If you like cheating, you have to love British rugby player Tom Williams‘s ploy last week.
Apparently there is a rule in rugby, as in soccer, that once a substitution is made to take a player out of the match, that player can’t return to the game. The exception to this rule is “blood injuries,” in which case a player can come off until the bleeding is stopped and then return to play.
Tom Williams suffered just such a blood injury at a very critical moment of a recent match. I don’t know anything about rugby, but his team was down by a point and they had some sort of drop-kicking specialist on the sidelines and it was the perfect time for him to come in and try a kick that would give Williams’ team the Harlequins the lead.
The trouble began when Williams looked a bit too happy as he left the field considering the large quantities of blood pouring from his mouth. One might have written this off to his being a rugby player, but apparently even rugby players get cross when smashed in the mouth, which led to an investigation. Eventually, television footage revealed that Williams had pulled a capsule of theatrical blood out of his sock and bitten into it in order to produce the faked injury.
A brilliant idea, but alas, in the end not only did Williams get suspended from the league for a year, his substitute also missed the kick and the Harlequins lost the game by a single point.
(More on this story here. Hat tip: Dean Strachan.)

In fact, when soccer first introduced substitutions into the game in the 1950s, it was restricted to injured players only. It soon turned that teams agreed to fake an injury whenever a substitution was tactically interesting, and then soccer switched to the current system of having a quota of subs: you can use them for tactical or injury reasons, if you use them too early and then get an injury, you play handicapped.
All this interest in rule following is fascinating given rugby’s origins…
In soccer, you can leave the field and be treated for your injury – then return. If your injury is ‘severe’ enough – you will be subbed out (and not allowed to return) – whereas if it is just a minor injury that you can come back from, your team is expected to play down a man until you do in fact return to the pitch.
This penalizes fakers while also not forcing a team to lose a star player in the event that he does actually need to leave the field for some treatment before returning.
Back in the glory days of “Professional Wrestling” the combatants would conceal razor blades in the tape on their wrists to draw blood from their heads. Real blood in a fake sport. What a sad day for the sport of Rugby, one of the toughest games around (I am a former prop so I know).
Tom Williams got BANNED for 12 MONTHS and the club itself got heavily finned. Considering eye gouging only gets 8-15 weeks this shows how they see this type of cheating.
The annoying thing was that the replacement kicker was taken off injured early in the game. If he had made the kick he could have aggravated his injury a great deal causing much more pain and hardship. He would in any event been injured for the final.

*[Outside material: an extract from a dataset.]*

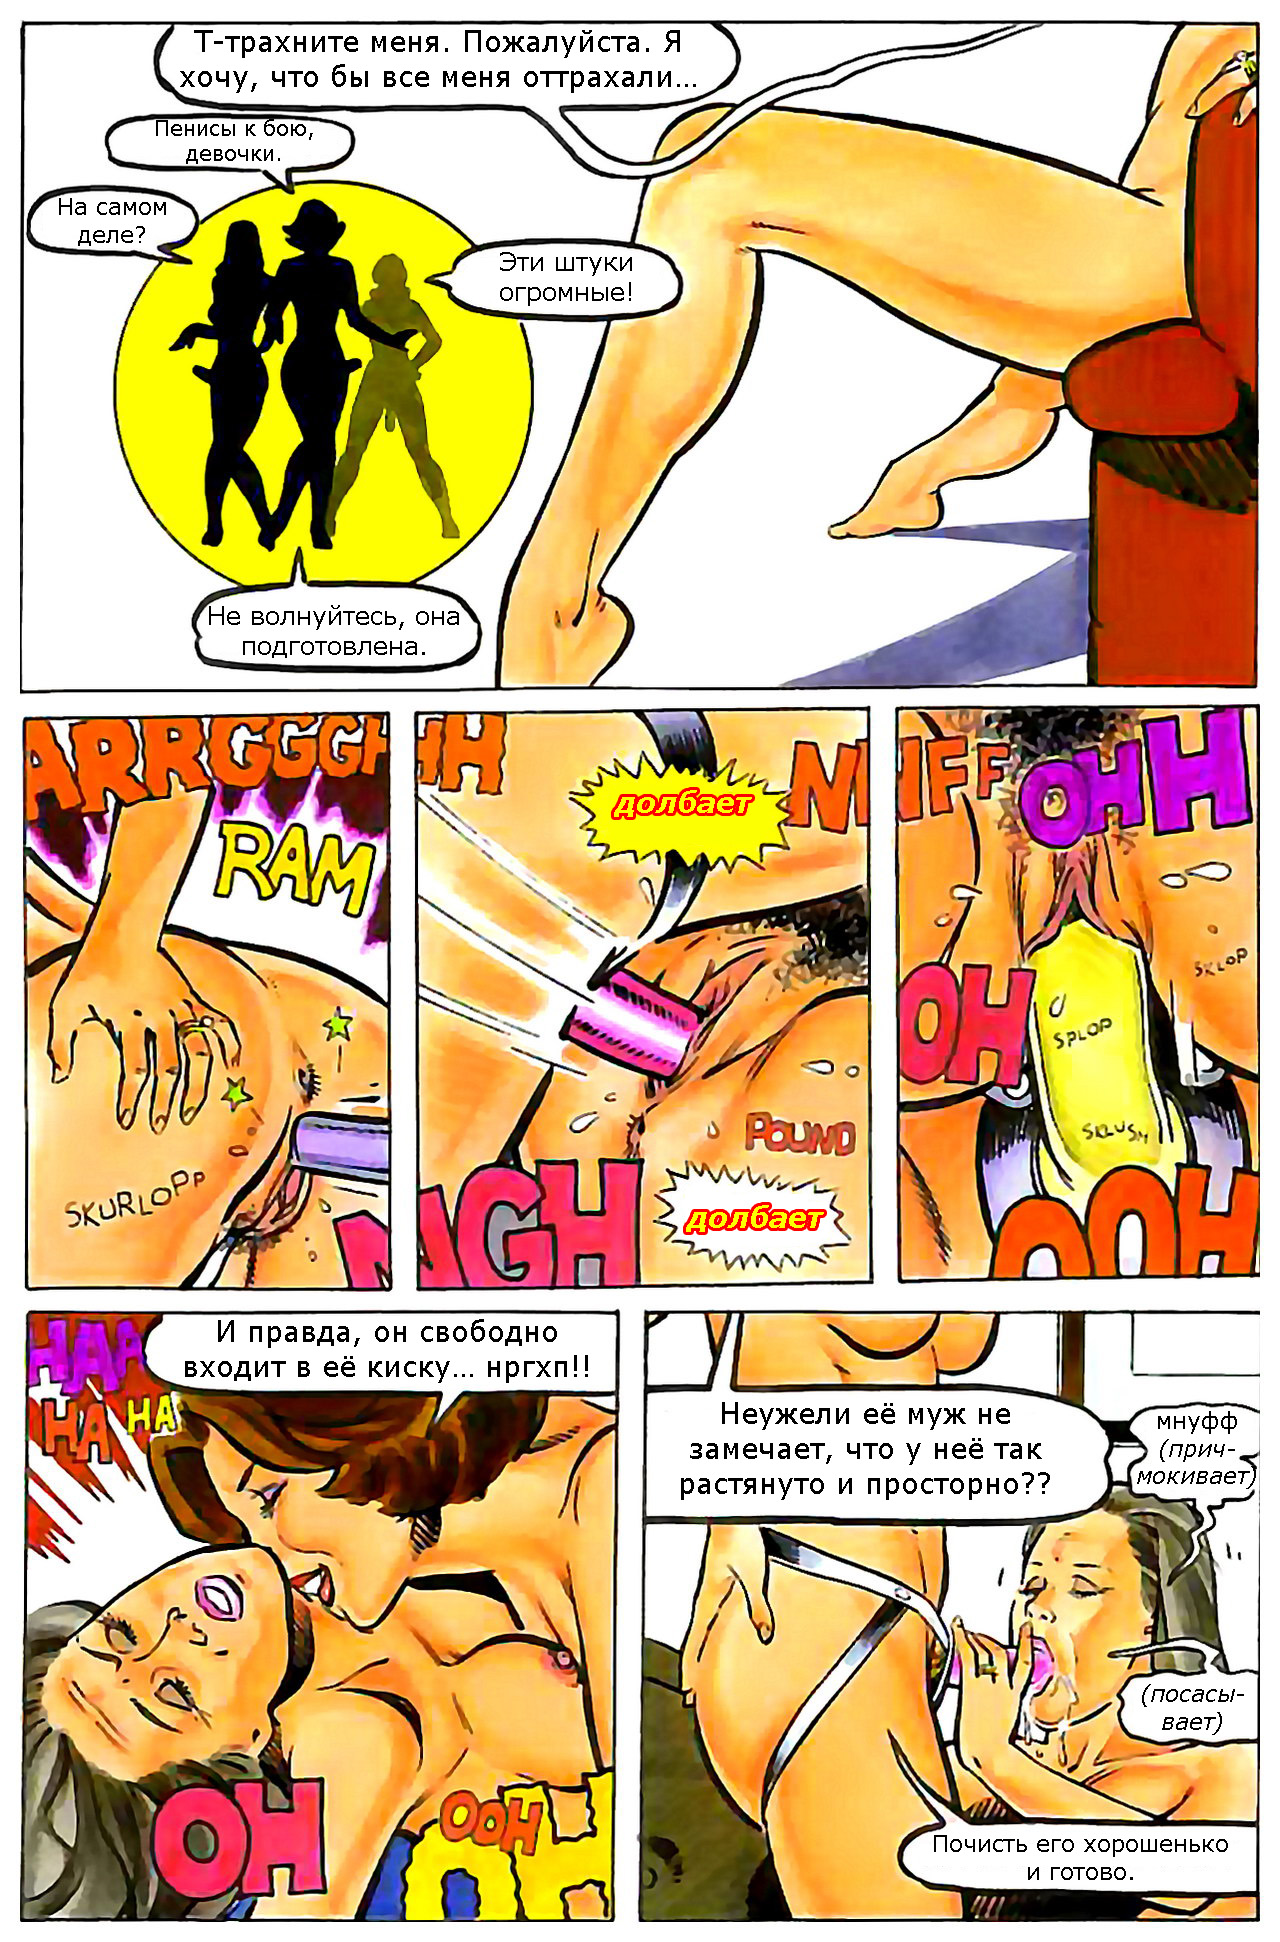 Порно комикс игры домохозяек фото 92

Cheating is obviously bad, but sports rules are just weird. If you have a specialist player and want to use that space on the roster, why not let them do their thing?
Why not have reasonable substitutions like in basketball or hockey? Although physically demanding, we’re not talking about triathalons. These games aren’t specifically endurance events.
Baseball is similar with weird substitution rules. Still, it seems to me that as long as the rule was that you couldn’t sub someone back in to artificially move them up the batting order or swap pitchers more than every third batter or something, then even that shouldn’t be a problem.
I guess it’s always the “purists” who resist, despite the rules being pretty arbitrary otherwise. (Hence the whining about the designated hitter, instant replay, etc…)
The ridiculous thing is that for the kicker to return to the game after leaving the pitch he had to be deemed a tactical substitution and not an injury as only tactical subs can return to the game for a blood injury but Nick Evans had his leg heavily strapped and he limped off so it was hardly tactical.
You can see the logic behind the heavy ban they want to get the club and the management on charges so they have incentivised the player to talk by giving him a lenghty ban. The only way they can appeal the severity is with new evidence which means the club has to somehow incriminate itself.
Here is the French commentating on the entire incidence.
http://www.youtube.com/watch?v=xjuWyKVH3aM
One Final thing. LEINSTER!!!!
Nice post Prof. Levitt. The plot appears too elaborate to have been executed by the player alone. How come he had the capsule in his sock in the first place? The convenient timing of the injury too suggests that there was an agreed signal and it could have been the placement of a substitute player on the touch line. That’s pretty good team work, even if clever by half.